◆ Source information
= Beginning of Section =
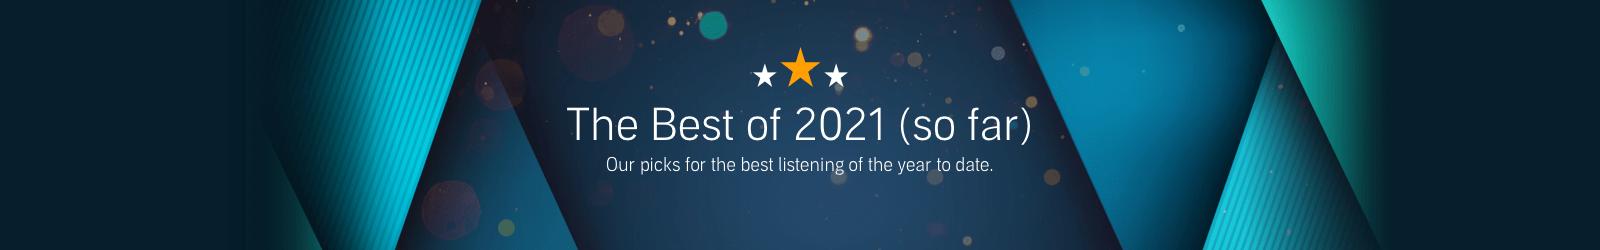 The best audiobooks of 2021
= End of Section =
= Beginning of Section =
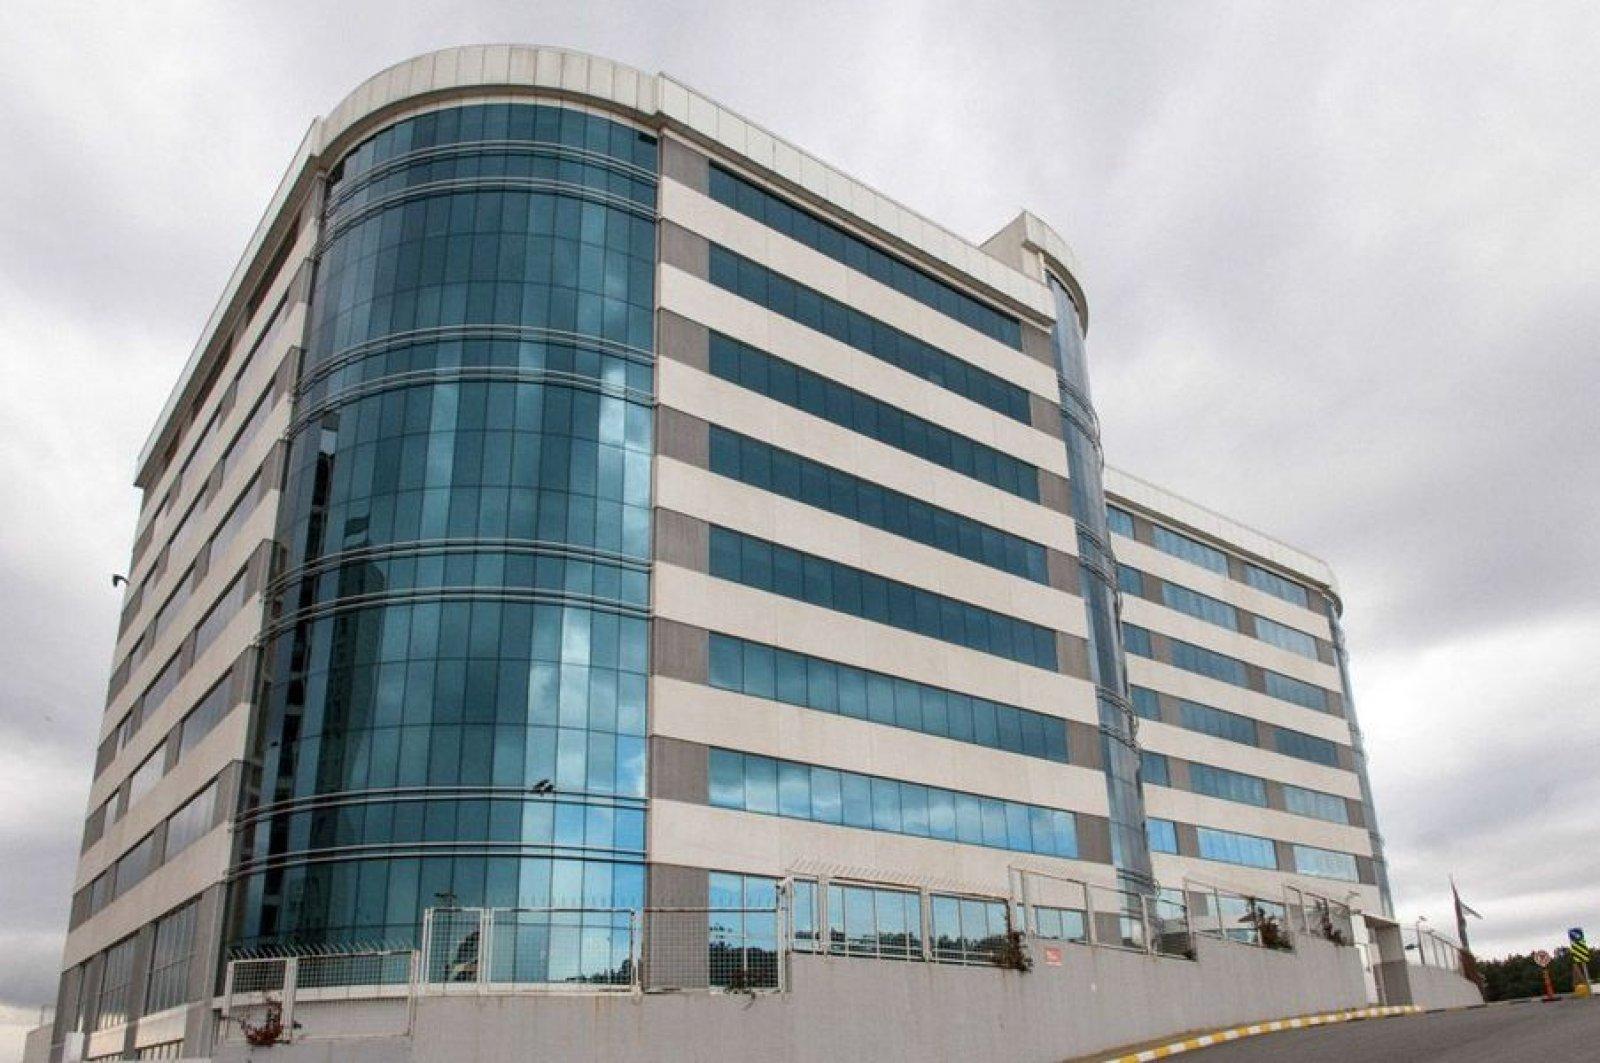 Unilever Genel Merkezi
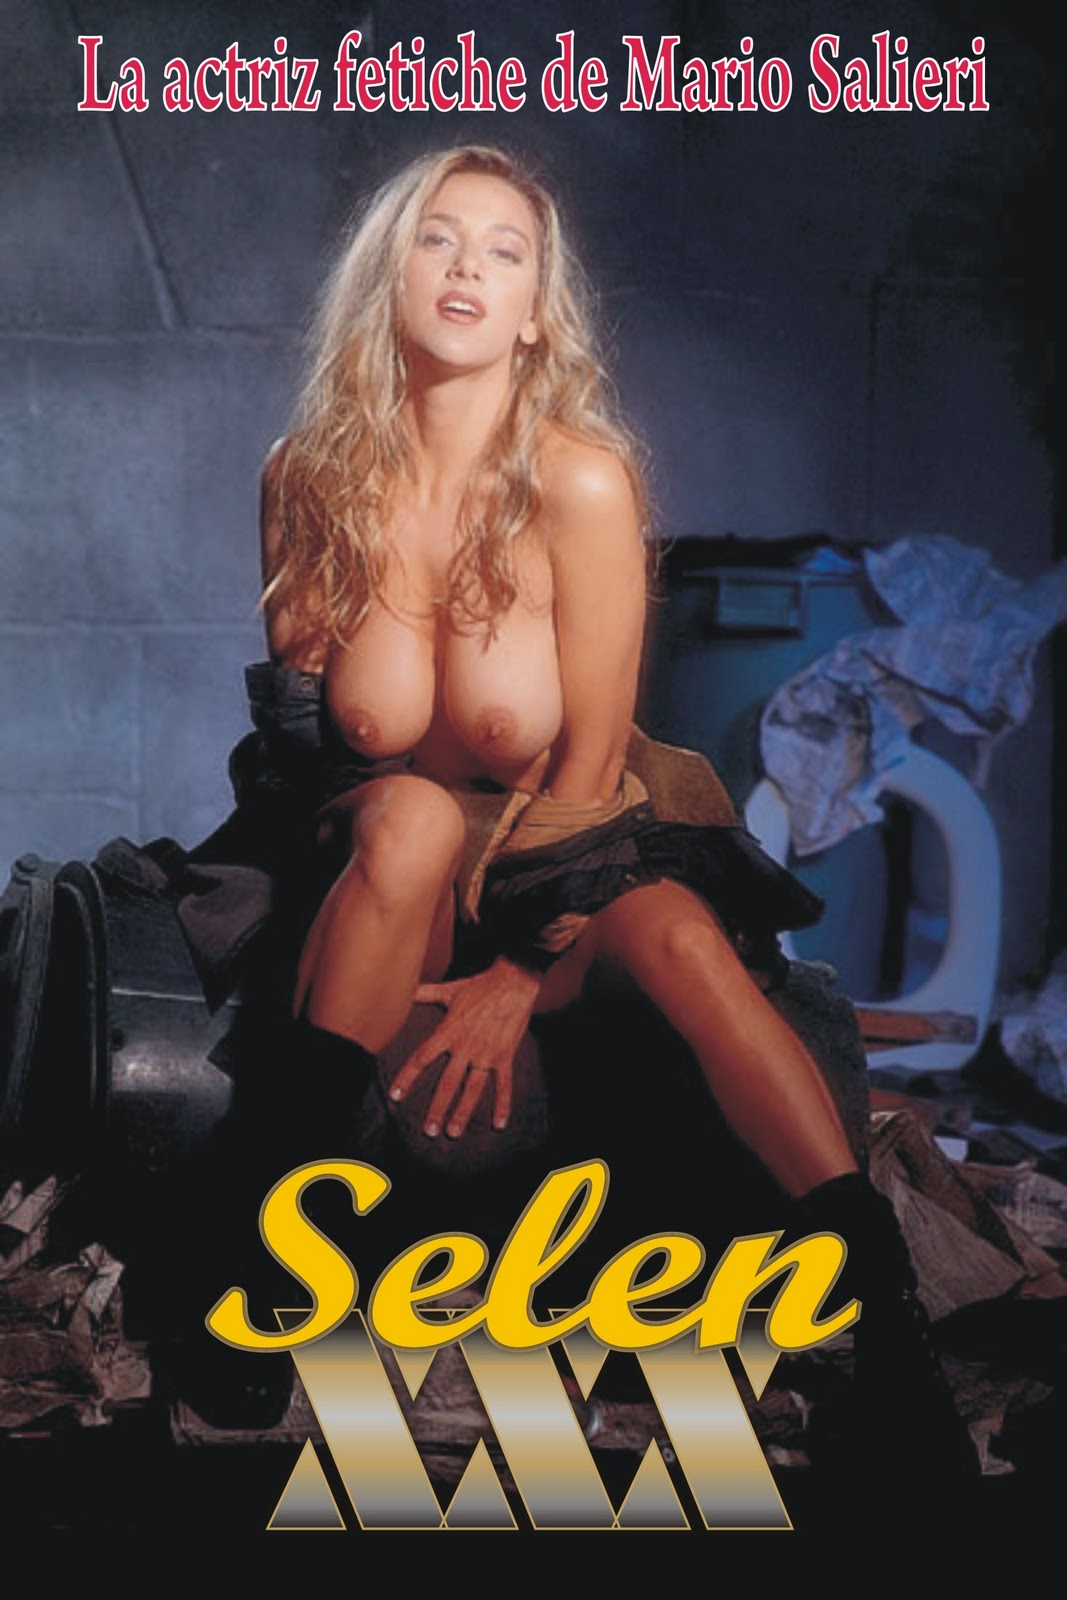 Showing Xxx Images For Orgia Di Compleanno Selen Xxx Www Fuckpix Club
= End of Section =
◆ What to work on
Set down, exactly as written above, each line from the one with "Unilever Genel Merkezi" through the one with "Showing Xxx Images", and skip the pictures.

◆ Task answer
 Unilever Genel Merkezi
 Showing Xxx Images For Orgia Di Compleanno Selen Xxx Www Fuckpix Club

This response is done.